I always said it would bring my xh to his knees if he ever truly grasped the depth of destruction his actions wrought.

My friend, I cannot imagine your fear that he will harm himself. I am sorry you have to feel that. Sorry he felt such despair to attempt that.

I actually think that a MLC can be a godsend for most people, if they choose to do the work. I believe it feels like they have been holding their finger in the hole in the dam and cannot any longer. It just eventually bubbles over.

I have found that most MLCers have poor coping skills. They usually revert back to the age when something occured or something wasnt learned.

With my xh, he was 13 when his mom passed away after being ill for 2 years. He didnt learn the skills he needed in order to get through it. No one talked about her or her death. No one helped him to understand or to teach him how to cope.
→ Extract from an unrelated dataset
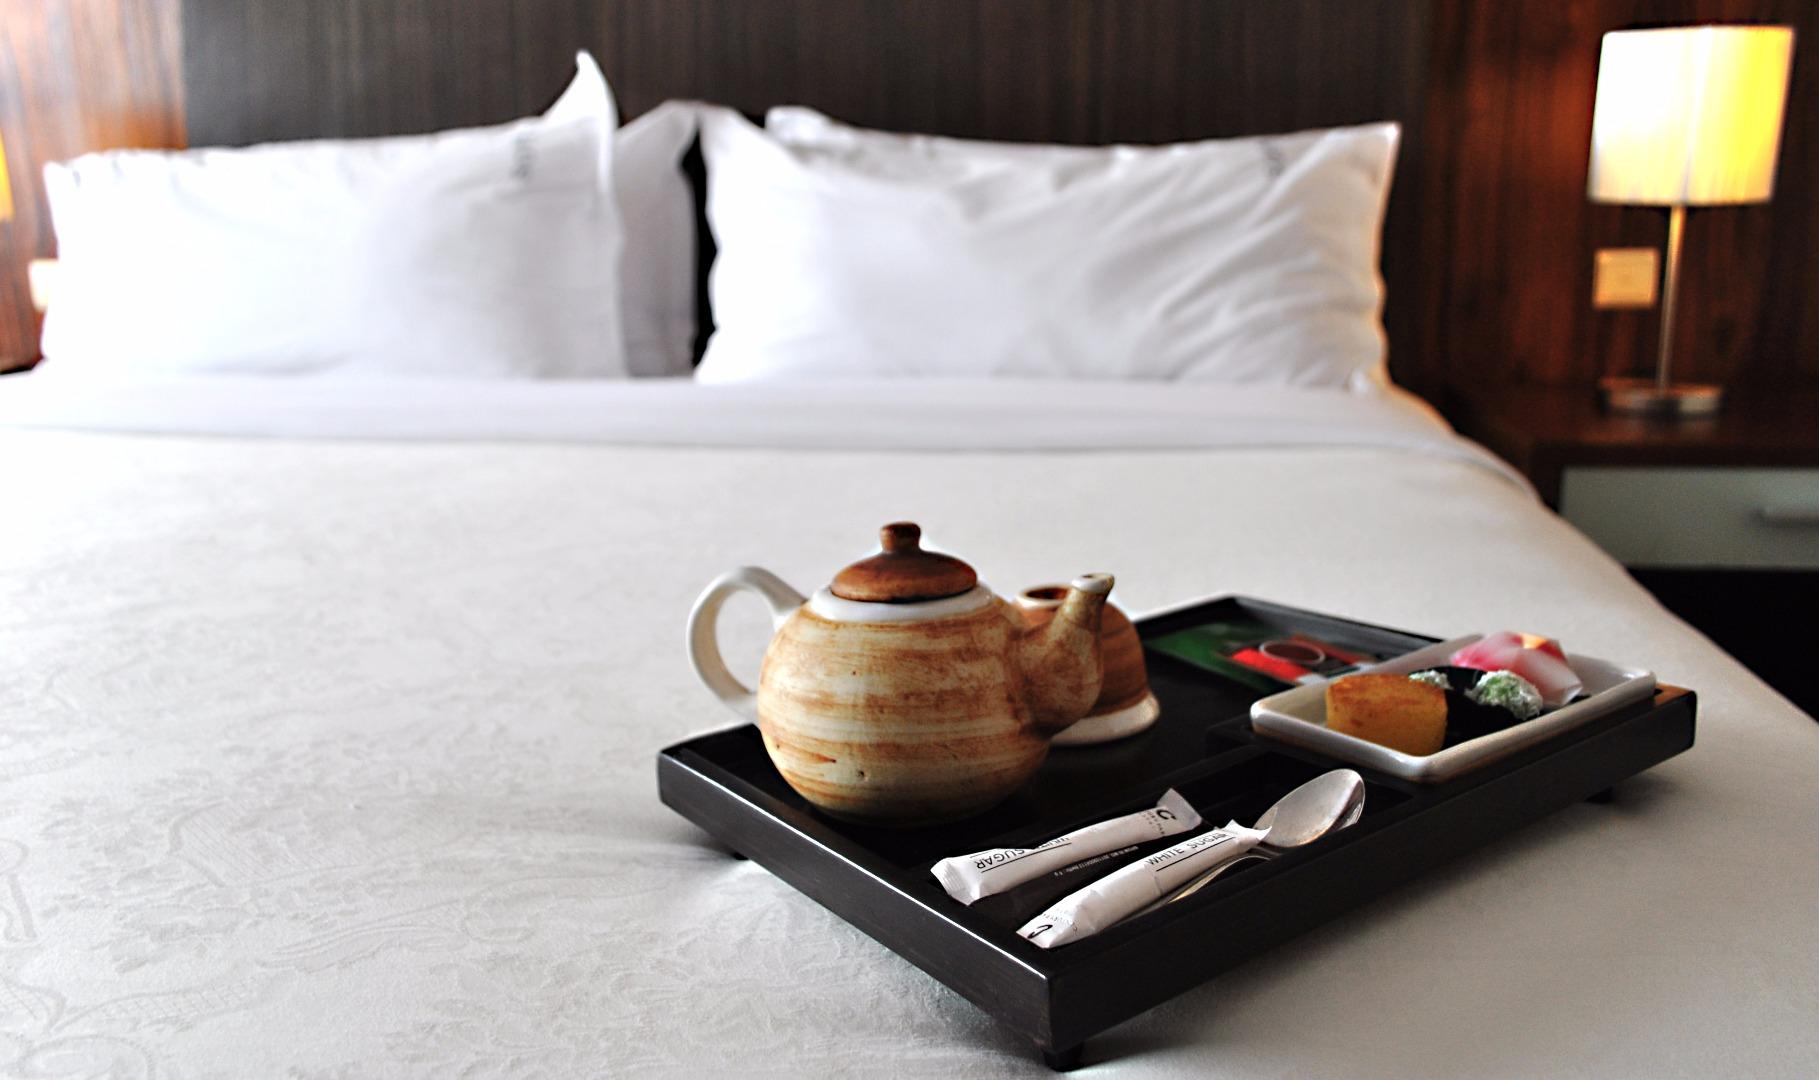 Century park hotel in jakarta   book a luxury business hotel near ...

Many times during all of this, I could see the 13 year old boy.

I know it hurts to see him in such pain and you cant help him. It really does break one's heart. It says so much about you that you feel as you do.

Just as we have to give our children wings, we have to give our MLCers space to find themselves and to fix what's broken. He has a long road ahead.

No one knows what the future holds, S. But I do know it holds you.

You love deeply and truly. I can feel that.

We are alike in a lot of ways...I always say I am a simple girl, too. I like that about me. smile.

So, I mentioned about my xh. Job, Trav, Mach and Eric and others all know about him. He is one of the crazier ones. Some of the things that have come out of his mouth would astound you. Truly. I have to go back and find some of the conversations. Talk about wanting to bang your head against the wall. LOL!

We have a strange relationship. We dont really talk much, we text infrequently. But every so often he reaches out and lays some thoughts on me. They never cease to amaze me. He is a tunnel hugger for sure. Dont know if he will ever get out, poor man.

He told me recently that the light went out of his life when I was no longer in it. I believe he meant it. I know it did. My hope, no matter what he's done, is and always will be that he finds peace and happiness in his life. Everyone deserves that.